U.S. marks 21st anniversary of 9/11 terror attacks
Image via AP.

September 11 Memorial
Joe Biden will be at the Pentagon, Jill Biden will be in Shanksville, Pennsylvania, and Kamala Harris will be in New York.

Americans are remembering 9/11 with moments of silence, readings of victims’ names, volunteer work and other tributes 21 years after the deadliest terror attack on U.S. soil.

Victims’ relatives and dignitaries will convene Sunday at the places where hijacked jets crashed on Sept. 11, 2001 — the World Trade Center in New York, the Pentagon and a field in Pennsylvania.

Other communities around the country are marking the day with candlelight vigils, interfaith services and other commemorations. Some Americans are joining in volunteer projects on a day that is federally recognized as both Patriot Day and a National Day of Service and Remembrance.

The observances follow a fraught milestone anniversary last year. It came weeks after the chaotic and humbling end of the Afghanistan war that the U.S. launched in response to the attacks.

But if this Sept. 11 may be less of an inflection point, it remains a point for reflection on the attack that killed nearly 3,000 people, spurred a U.S. “war on terror” worldwide and reconfigured national security policy.

It also stirred — for a time — a sense of national pride and unity for many, while subjecting Muslim Americans to years of suspicion and bigotry and engendering debate over the balance between safety and civil liberties.
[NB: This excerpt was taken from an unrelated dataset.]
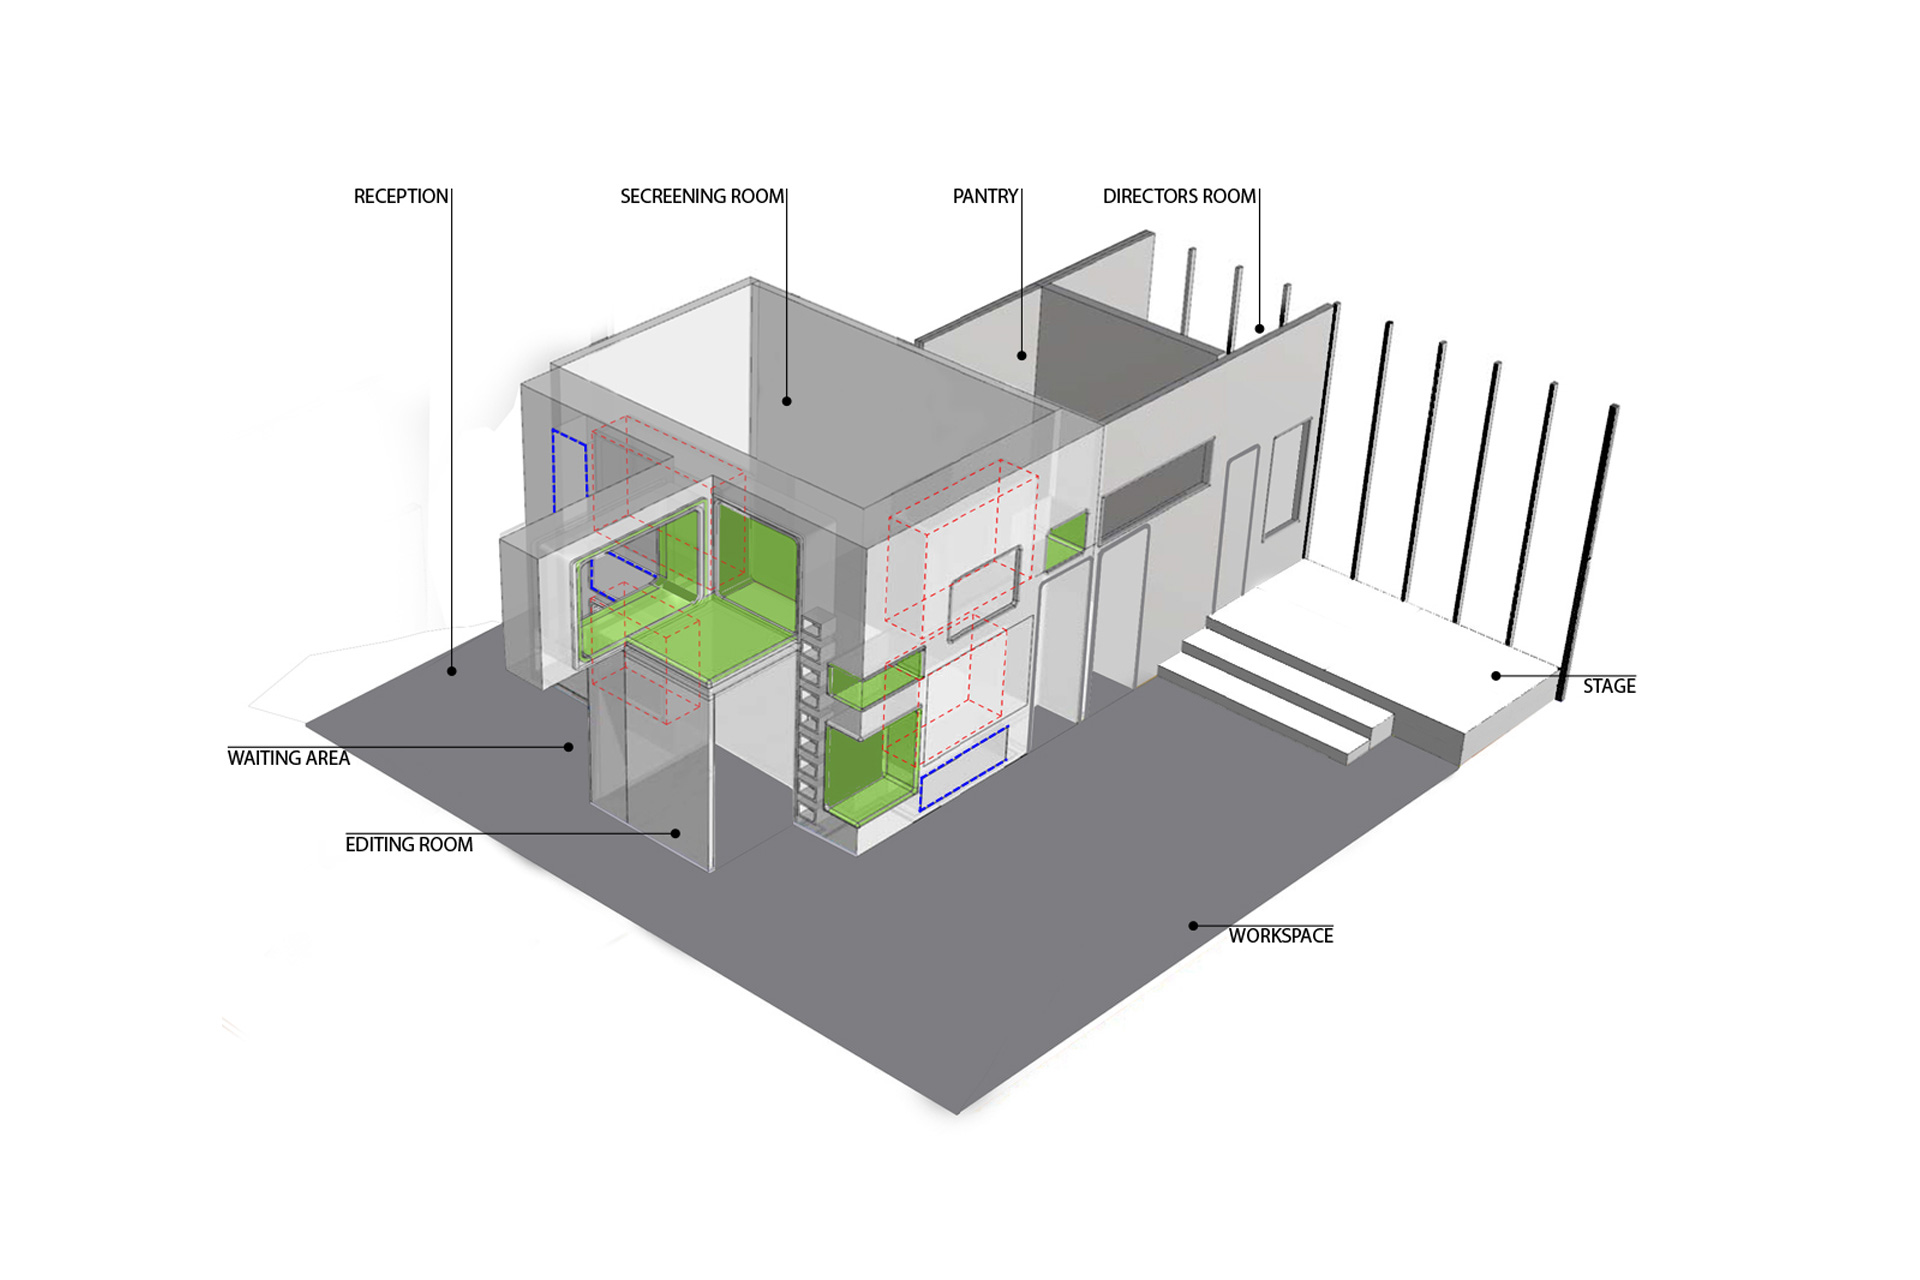 Axonometric view of the office space.

In ways both subtle and plain, the aftermath of 9/11 ripples through American politics and public life to this day.

And the attacks have cast a long shadow into the personal lives of thousands of people who survived, responded or lost loved ones, friends and colleagues.

More than 70 of Sekou Siby’s co-workers perished at Windows on the World, the restaurant atop the trade center’s north tower. Siby had been scheduled to work that morning until another cook asked him to switch shifts.

Siby never took a restaurant job again; it would have brought back too many memories. The Ivorian immigrant wrestled with how to comprehend such horror in a country where he’d come looking for a better life.

He found it difficult to form the type of close, family-like friendships he and his Windows on the World co-workers had shared. It was too painful, he had learned, to become attached to people when “you have no control over what’s going to happen to them next.”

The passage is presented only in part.